Studio album by Milton Nascimento
- Released: 1994
- Label: Warner Bros.

Milton Nascimento chronology
| Três Pontas (1993) | Angelus (1994) | O Planeta Blue na Estrada do Sol (1994) |

= Angelus (album) =

Angelus is an album by the Brazilian musician Milton Nascimento, released in 1994.

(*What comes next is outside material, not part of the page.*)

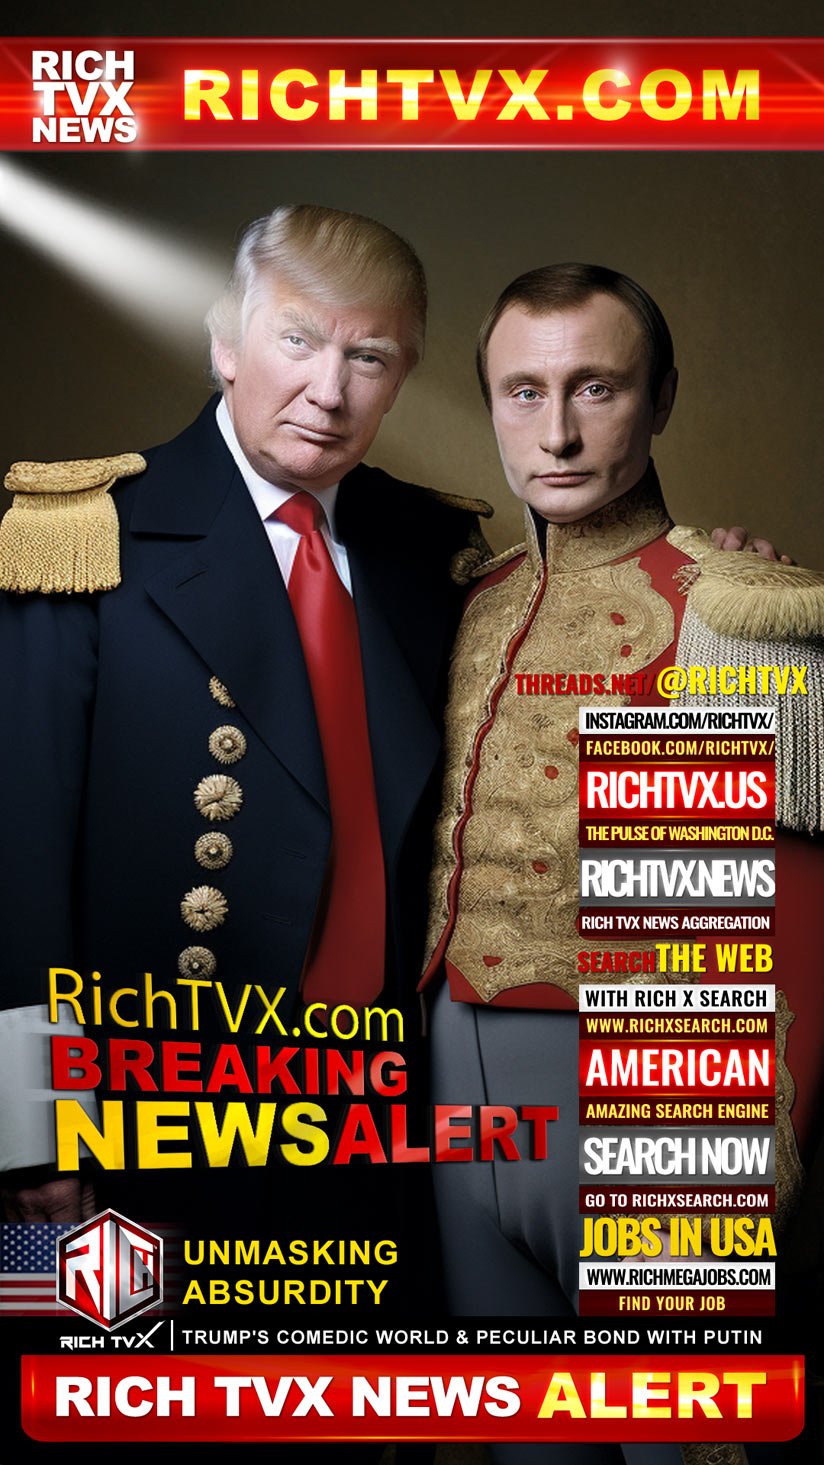 Unmasking Absurdity: Donald Trump’s Comedic World & Peculiar Bond with Vladimir Putin
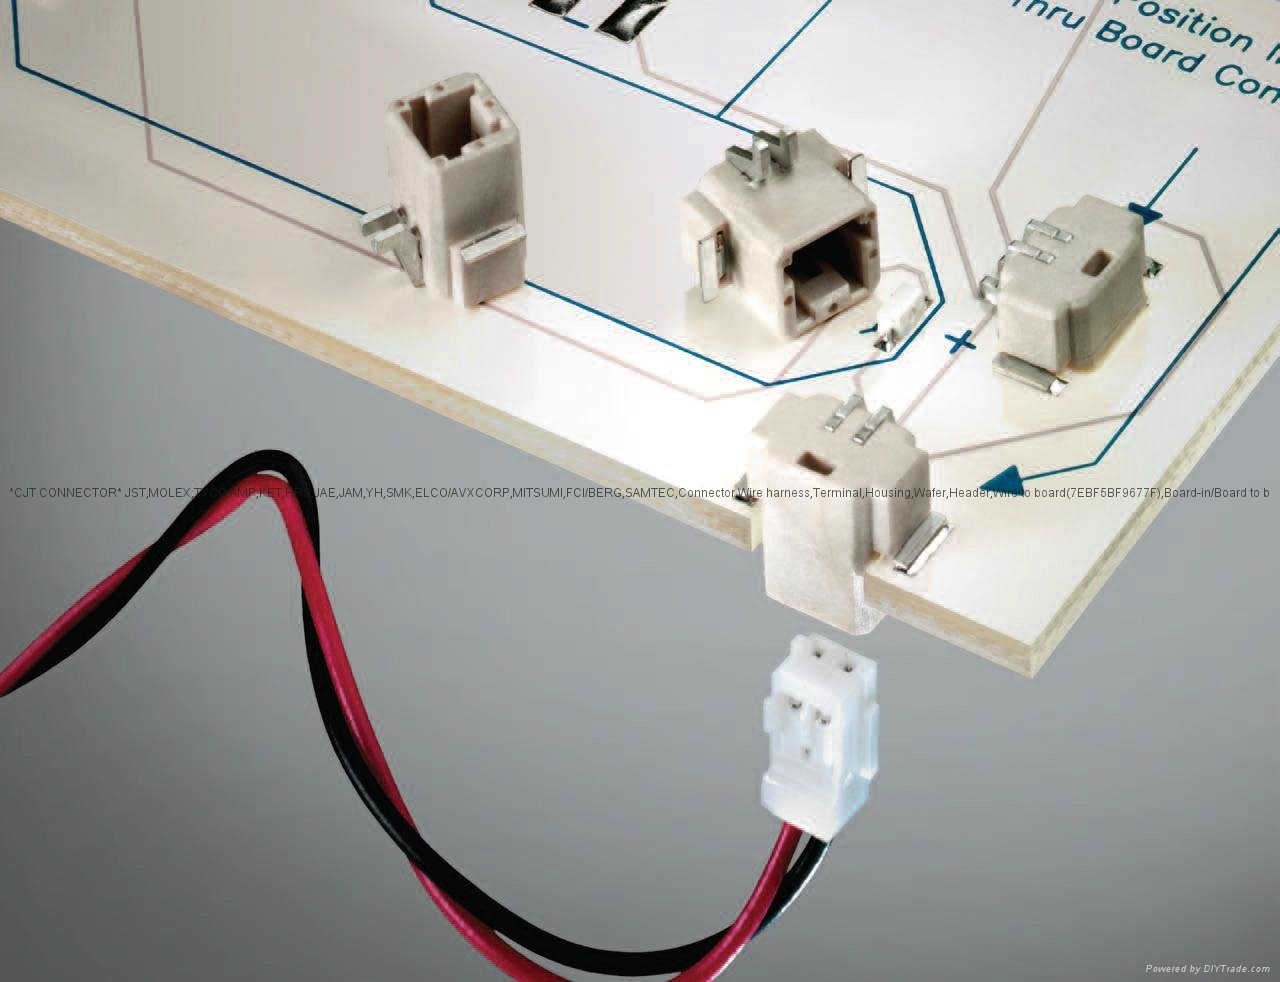 1.50mm pitch CJTconn LED Inverted SMT Thru Board Connector

The album peaked at No. 8 on Billboards World Albums chart. It was nominated for a Grammy Award, in the "Best World Music Album" category. Nascimento promoted the album by opening the 1994 JVC Jazz Festival.

==Production==
James Taylor sang on "Only a Dream in Rio", which also employed a Brazilian accordion. Peter Gabriel duetted on "Qualquer Coisa a Haver Com o Paraiso"; "Estrelada" is a duet with Jon Anderson. Wayne Shorter, Herbie Hancock, Jack DeJohnette, and Pat Metheny played on some of the songs. "Hello Goodbye" is a cover of the Beatles song; a few tracks are versions of older Nascimento songs.

==Critical reception==

The Philadelphia Inquirer called the album "a collection of carnival songs, jazz explorations and outright pop ... that celebrates Nascimento as one of the world's vocal treasures while demonstrating his versatility." The Baltimore Sun wrote: "Blessed with lithe, flowing melodies and rich, jazz-tinged arrangements, its lush lyricism hearkens back to Nascimento's great albums of the '70s."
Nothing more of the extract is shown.